Current hardware is a Dell Poweredge 1850, dual Xeon 3.2ghz, 4gb ECC. Full install to hdd mirror provided by the built-in PERC controller.
Things to note: PowerD is enabled. SSH is currently enabled with LAN access only. Static Route Filtering is enabled. IPv6 is blocked. No traffic shaping or limiters.

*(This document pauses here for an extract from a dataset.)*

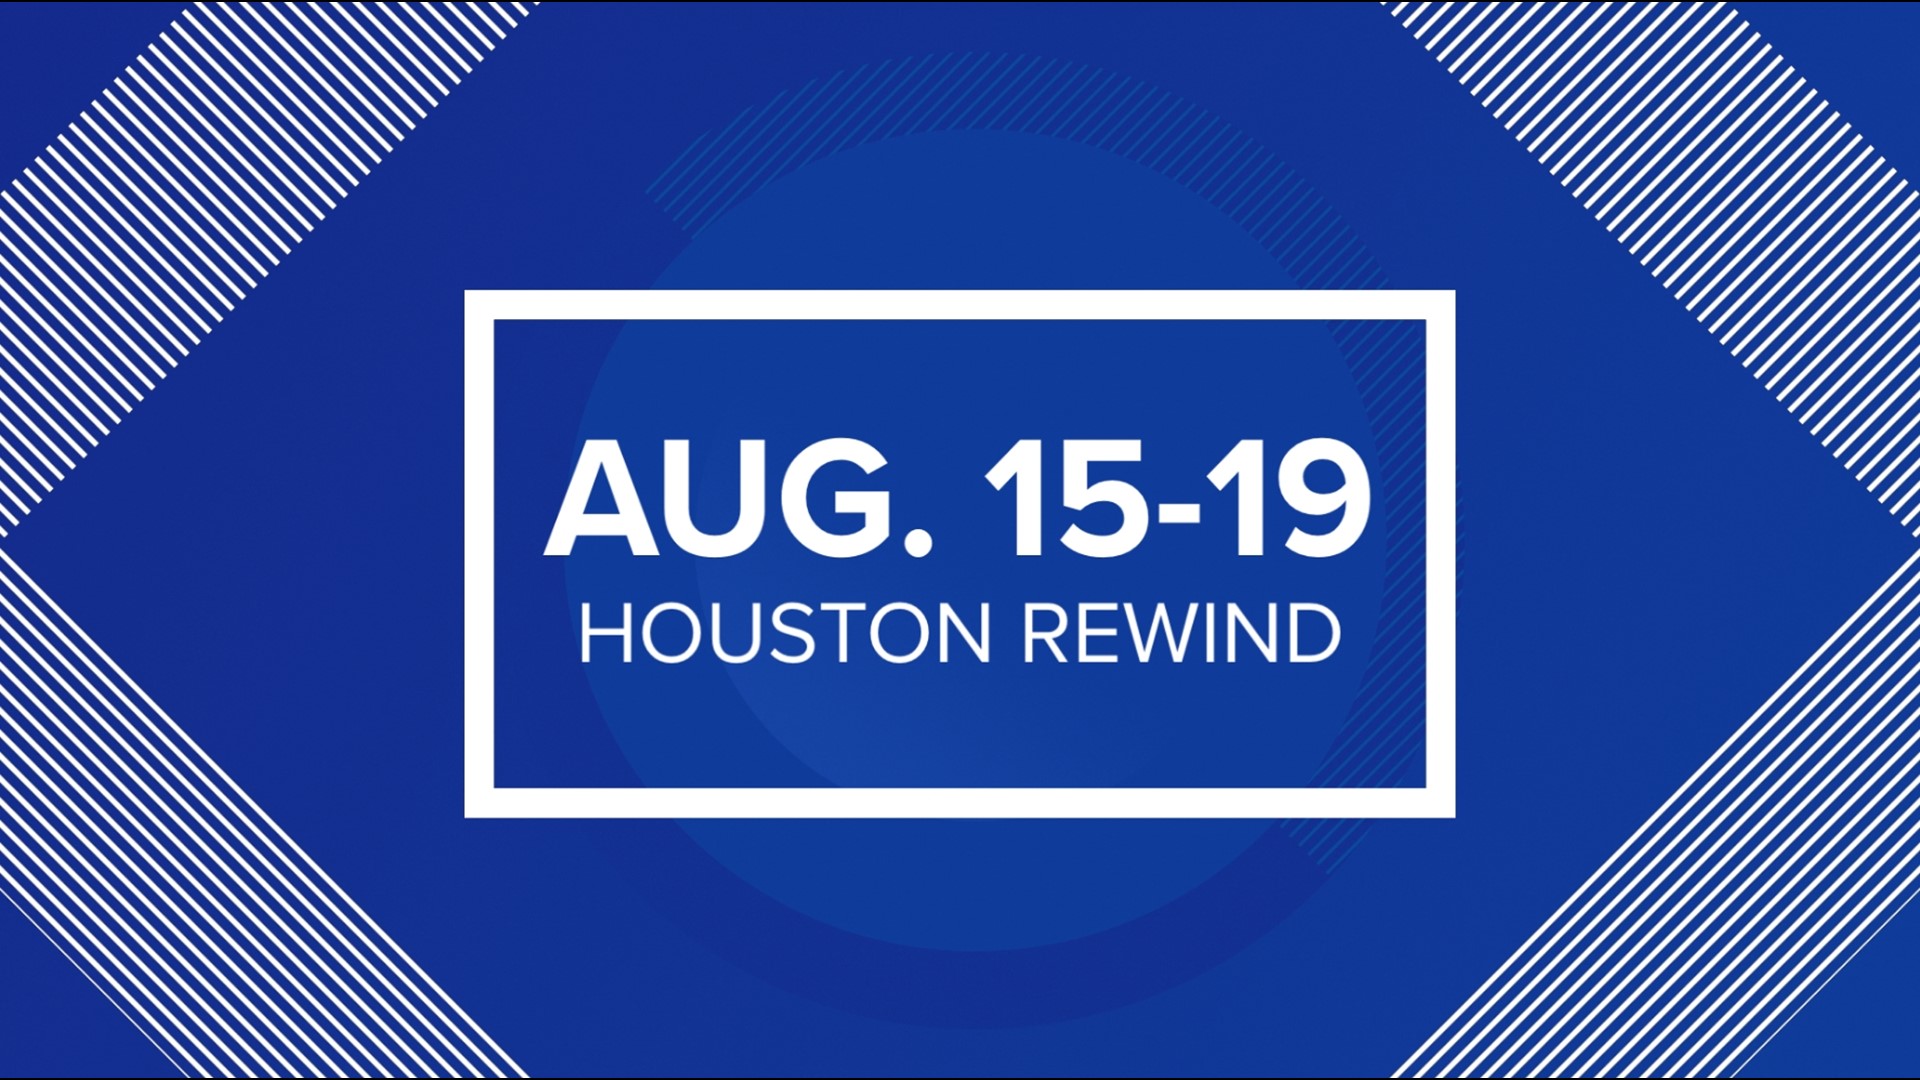 Catch up on the Houston-area news stories you may have missed this week!

Everything else is default out of box config iirc.
That seems familiar but I can't recall the specific cause…
em0: discard frame w/o packet header
db:0:kdb.enter.default> bt Tracing pid 0 tid 100035 td 0xfffff80003b5a4b0 pmap_kextract() at pmap_kextract+0x3c/frame 0xfffffe0120580920 bounce_bus_dmamap_load_buffer() at bounce_bus_dmamap_load_buffer+0x1bb/frame 0xfffffe0120580990 bus_dmamap_load_mbuf_sg() at bus_dmamap_load_mbuf_sg+0x72/frame 0xfffffe01205809f0 lem_get_buf() at lem_get_buf+0x92/frame 0xfffffe0120580a50 lem_rxeof() at lem_rxeof+0x1cf/frame 0xfffffe0120580af0 lem_handle_rxtx() at lem_handle_rxtx+0x33/frame 0xfffffe0120580b30 taskqueue_run_locked() at taskqueue_run_locked+0xe5/frame 0xfffffe0120580b80 taskqueue_thread_loop() at taskqueue_thread_loop+0xa8/frame 0xfffffe0120580bb0 fork_exit() at fork_exit+0x9a/frame 0xfffffe0120580bf0 fork_trampoline() at fork_trampoline+0xe/frame 0xfffffe0120580bf0 --- trap 0, rip = 0, rsp = 0, rbp = 0 ---
Seems to be close to https://redmine.pfsense.org/issues/6330 which ended up being a hardware issue IIRC. In this case since the hardware is virtual, I'd go back to leaning toward an ESX version issue.

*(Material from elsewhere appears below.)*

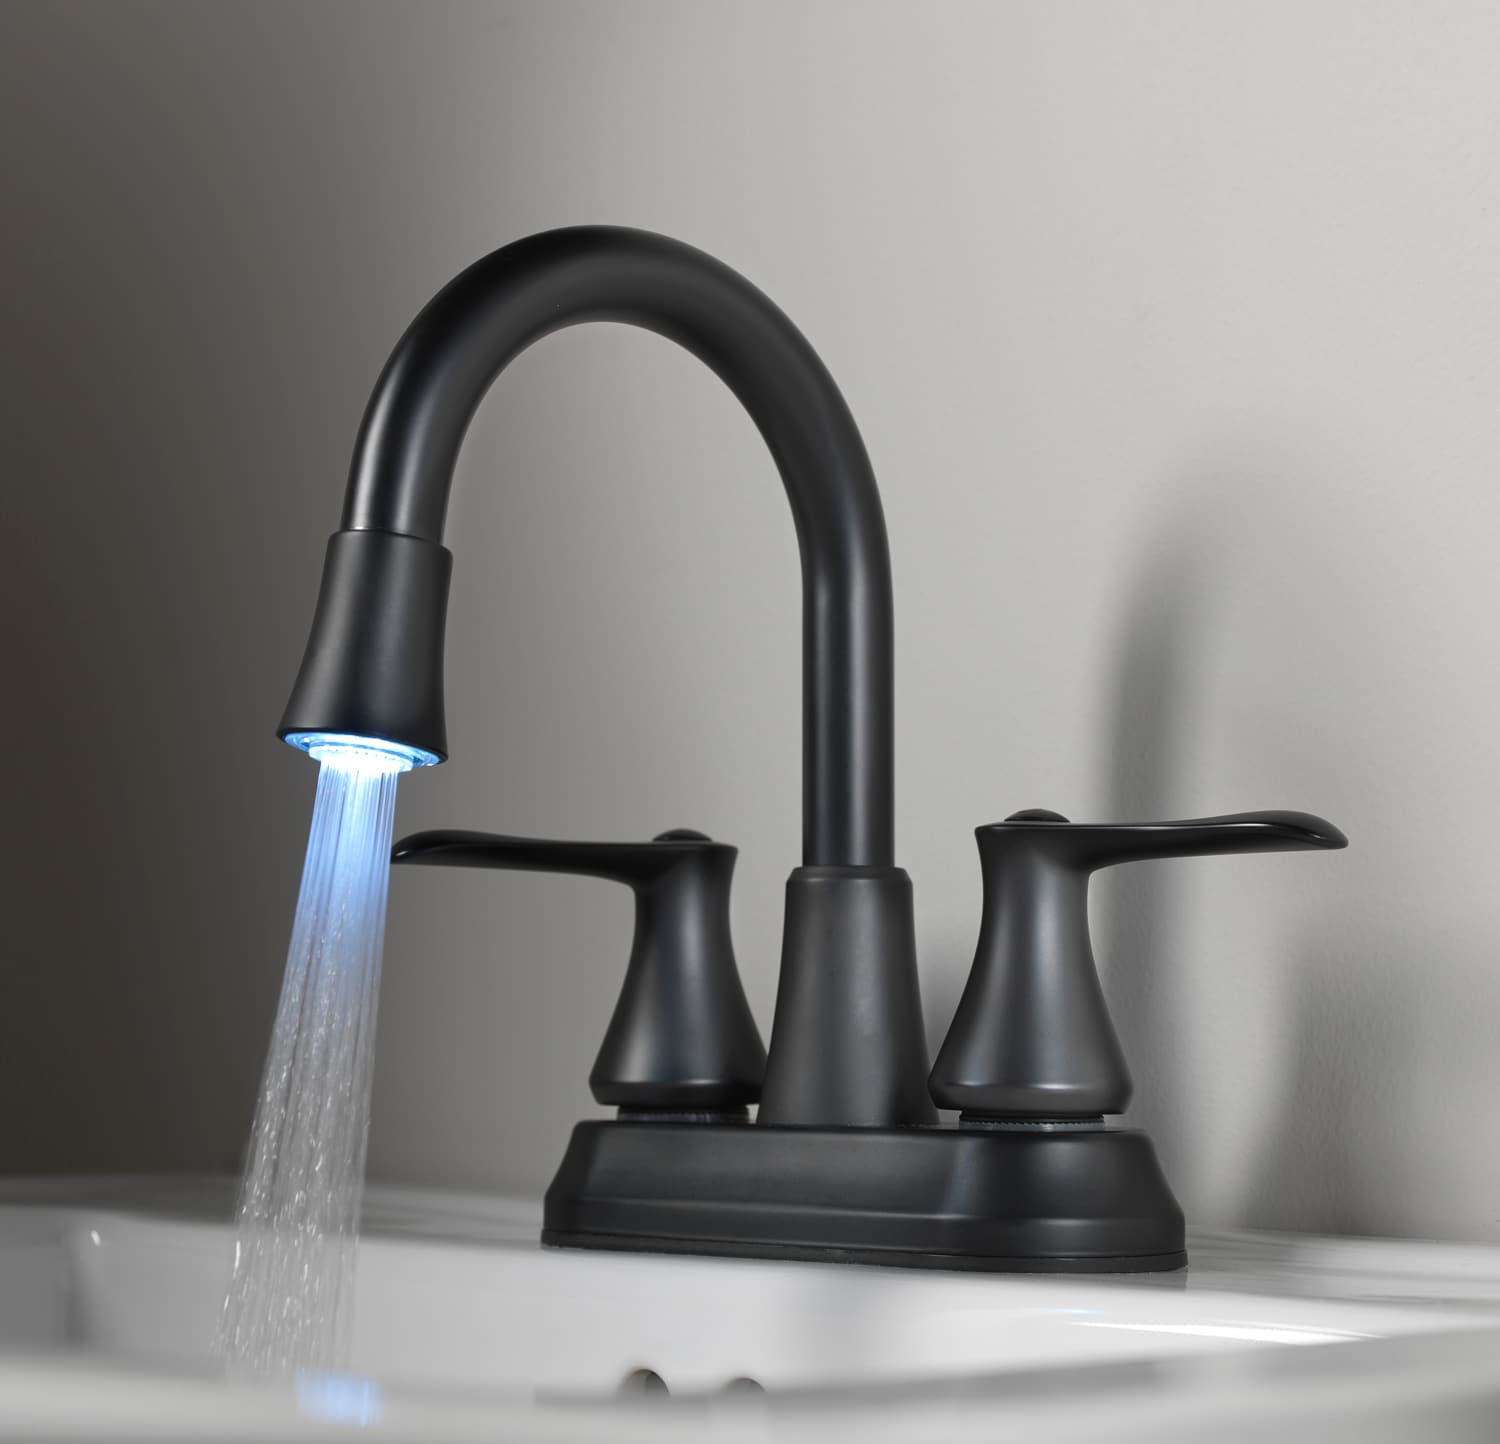 Source LED Water Faucet Night Light 7 Colors Changing Night Lamp

Also similar to https://bugs.freebsd.org/bugzilla/show_bug.cgi?id=213257 but that's still an open issue in the e1000 driver, not clear why you might be hitting that one then, if it is.
You could try switching to vmxnet NICs, but I'd focus more on getting up to ESX 6.x if that's feasible. At least see if you can reproduce it on ESX 6.x in lab conditions.
Oh very interesting. So the issue may have followed me to physical hardware as I believe the NICs in my PE 1850 are also using the same driver for the intel Pro 1000 adapters.
We are readying an APU2 to try instead of the PE 1850, but your suggestion of switching to the VMXNet adapter may be a quicker determination of NIC issues.
Thank you Jimp! This by far makes more sense of the issue than anything else I've done on my own.
Just going to follow up on this and bring some closure to this thread. I continued to have crashes with the APU2 unit as well. I tried a fresh install and reconfiguration by hand instead of restoring the config, which still resulted in many crashes per day. We resorted to OPNsense and reconfigured by hand, things are stable since deploying it on the APU2 this past Sunday. I did submit a few more crash reports in hopes that there would be some key info there to help the guys behind pfSense, if it is indeed some kind of bug. Will revisit this issue when I can afford some more downtime, or when 2.4 is released.
Thanks for all of the input and help, sorry we couldn't get it figured out. Some kind of bizarre quirk specific to my configuration/environment I'm sure.